◆ **GIVEN INFORMATION**:

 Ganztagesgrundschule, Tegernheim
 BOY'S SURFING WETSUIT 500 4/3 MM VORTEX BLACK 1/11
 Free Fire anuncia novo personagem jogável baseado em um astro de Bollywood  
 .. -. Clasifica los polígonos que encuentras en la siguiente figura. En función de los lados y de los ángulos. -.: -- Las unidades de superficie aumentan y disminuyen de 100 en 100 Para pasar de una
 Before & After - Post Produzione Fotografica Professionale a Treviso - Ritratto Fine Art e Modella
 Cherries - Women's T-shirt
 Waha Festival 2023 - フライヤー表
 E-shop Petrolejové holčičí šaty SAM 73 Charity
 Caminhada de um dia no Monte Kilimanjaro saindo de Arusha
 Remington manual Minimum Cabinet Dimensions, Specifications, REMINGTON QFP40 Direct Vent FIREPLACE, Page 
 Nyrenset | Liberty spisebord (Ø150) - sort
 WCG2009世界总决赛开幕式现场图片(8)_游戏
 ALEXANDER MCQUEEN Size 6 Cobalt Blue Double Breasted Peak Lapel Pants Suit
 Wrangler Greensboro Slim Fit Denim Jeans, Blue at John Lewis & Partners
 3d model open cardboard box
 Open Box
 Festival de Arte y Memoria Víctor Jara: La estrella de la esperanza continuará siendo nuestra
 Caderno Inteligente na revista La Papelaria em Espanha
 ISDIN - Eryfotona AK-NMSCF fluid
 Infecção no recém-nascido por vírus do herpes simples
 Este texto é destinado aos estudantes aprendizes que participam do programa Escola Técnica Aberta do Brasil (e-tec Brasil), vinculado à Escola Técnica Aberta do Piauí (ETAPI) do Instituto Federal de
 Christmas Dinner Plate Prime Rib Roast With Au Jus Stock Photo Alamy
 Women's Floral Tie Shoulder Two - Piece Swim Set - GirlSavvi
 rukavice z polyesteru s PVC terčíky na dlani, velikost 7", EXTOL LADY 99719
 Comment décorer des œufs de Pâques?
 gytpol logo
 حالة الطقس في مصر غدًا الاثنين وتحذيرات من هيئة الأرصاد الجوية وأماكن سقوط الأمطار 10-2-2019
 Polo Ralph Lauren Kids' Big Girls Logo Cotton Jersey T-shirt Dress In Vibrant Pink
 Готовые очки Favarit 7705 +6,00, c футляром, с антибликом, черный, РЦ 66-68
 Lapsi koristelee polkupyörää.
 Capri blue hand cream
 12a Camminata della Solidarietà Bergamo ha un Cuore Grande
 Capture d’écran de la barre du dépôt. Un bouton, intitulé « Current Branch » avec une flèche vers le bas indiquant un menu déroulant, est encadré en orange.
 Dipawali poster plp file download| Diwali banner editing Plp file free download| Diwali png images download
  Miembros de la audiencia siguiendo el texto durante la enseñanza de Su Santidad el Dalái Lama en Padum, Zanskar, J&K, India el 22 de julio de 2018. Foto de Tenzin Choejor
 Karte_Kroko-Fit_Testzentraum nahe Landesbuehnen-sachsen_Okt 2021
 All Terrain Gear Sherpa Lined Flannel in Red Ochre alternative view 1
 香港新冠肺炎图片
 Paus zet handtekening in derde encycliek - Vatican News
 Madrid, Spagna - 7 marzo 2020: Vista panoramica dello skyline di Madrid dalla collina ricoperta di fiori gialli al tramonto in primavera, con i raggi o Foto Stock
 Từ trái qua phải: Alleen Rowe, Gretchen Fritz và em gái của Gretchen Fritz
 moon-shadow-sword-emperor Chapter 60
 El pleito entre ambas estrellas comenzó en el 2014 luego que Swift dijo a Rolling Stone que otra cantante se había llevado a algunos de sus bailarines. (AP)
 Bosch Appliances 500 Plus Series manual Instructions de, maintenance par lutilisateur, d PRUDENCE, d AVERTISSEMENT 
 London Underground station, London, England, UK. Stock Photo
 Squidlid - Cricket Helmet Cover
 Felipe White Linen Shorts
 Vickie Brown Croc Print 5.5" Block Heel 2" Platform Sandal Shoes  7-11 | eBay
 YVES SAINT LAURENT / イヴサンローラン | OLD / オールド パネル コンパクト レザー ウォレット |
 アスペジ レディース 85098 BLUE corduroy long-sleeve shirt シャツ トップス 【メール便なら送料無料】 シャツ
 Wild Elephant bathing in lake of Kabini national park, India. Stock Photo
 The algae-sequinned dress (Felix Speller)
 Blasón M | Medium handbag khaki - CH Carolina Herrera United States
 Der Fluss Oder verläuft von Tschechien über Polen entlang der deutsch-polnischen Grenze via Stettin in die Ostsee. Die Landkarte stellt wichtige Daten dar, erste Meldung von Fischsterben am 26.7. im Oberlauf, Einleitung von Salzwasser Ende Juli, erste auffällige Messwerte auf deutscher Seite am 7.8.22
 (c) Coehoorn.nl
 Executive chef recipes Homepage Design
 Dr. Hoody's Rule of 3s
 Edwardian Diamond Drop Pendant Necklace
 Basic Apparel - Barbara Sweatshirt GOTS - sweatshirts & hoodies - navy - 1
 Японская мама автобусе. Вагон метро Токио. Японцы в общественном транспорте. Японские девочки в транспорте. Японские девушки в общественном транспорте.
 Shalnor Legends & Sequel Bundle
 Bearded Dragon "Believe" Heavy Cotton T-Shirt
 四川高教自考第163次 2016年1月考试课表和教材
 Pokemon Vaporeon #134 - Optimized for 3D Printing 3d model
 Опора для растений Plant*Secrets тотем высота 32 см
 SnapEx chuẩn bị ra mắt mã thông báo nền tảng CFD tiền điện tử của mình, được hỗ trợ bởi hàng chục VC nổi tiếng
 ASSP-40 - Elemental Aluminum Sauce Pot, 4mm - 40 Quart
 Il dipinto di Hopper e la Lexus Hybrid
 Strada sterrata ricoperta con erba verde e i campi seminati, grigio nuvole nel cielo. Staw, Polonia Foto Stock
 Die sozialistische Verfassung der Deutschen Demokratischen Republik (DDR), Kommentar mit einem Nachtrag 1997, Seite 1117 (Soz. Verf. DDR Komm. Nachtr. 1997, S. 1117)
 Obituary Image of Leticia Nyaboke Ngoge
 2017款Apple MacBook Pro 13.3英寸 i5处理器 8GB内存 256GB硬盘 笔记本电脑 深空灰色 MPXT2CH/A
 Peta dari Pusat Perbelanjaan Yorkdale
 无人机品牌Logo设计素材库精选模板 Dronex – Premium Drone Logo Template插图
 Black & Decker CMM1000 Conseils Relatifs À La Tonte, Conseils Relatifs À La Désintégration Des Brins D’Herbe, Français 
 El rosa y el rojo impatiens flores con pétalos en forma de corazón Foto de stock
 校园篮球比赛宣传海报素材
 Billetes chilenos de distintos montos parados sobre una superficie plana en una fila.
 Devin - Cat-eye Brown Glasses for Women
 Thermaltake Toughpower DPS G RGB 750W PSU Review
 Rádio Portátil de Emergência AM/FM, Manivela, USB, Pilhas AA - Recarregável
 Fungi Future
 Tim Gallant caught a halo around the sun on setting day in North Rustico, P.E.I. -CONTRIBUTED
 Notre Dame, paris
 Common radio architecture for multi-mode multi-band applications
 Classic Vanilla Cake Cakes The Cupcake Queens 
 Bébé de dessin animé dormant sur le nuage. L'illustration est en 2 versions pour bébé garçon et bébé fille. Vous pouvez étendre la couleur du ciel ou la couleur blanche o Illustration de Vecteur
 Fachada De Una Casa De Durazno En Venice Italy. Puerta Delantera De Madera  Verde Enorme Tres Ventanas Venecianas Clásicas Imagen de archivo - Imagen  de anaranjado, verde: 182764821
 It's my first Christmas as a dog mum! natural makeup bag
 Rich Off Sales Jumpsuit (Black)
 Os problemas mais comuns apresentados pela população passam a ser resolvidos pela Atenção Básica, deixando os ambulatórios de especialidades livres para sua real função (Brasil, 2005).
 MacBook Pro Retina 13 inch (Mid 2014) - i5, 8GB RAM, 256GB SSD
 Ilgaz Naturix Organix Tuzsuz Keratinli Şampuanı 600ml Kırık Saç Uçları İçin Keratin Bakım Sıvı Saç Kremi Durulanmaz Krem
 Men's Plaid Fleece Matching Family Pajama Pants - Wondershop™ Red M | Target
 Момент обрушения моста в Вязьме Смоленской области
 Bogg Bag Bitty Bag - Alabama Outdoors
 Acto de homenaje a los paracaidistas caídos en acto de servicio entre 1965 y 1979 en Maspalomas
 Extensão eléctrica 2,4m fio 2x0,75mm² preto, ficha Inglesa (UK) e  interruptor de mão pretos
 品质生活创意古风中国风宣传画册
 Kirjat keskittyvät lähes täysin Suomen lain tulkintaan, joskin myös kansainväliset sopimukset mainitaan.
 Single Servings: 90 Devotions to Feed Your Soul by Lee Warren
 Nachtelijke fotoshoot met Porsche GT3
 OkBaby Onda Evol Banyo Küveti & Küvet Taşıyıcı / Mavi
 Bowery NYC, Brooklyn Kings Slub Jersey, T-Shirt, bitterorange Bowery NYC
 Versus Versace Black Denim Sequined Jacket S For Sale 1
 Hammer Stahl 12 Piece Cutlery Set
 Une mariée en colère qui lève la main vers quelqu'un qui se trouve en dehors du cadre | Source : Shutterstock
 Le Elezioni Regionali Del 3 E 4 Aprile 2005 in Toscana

◆ **TRY IT**: Tell how many lines in the data hold the string "ricoperta". Only the number is wanted.

◆ **OUTPUT FOR THIS EXERCISE**: 2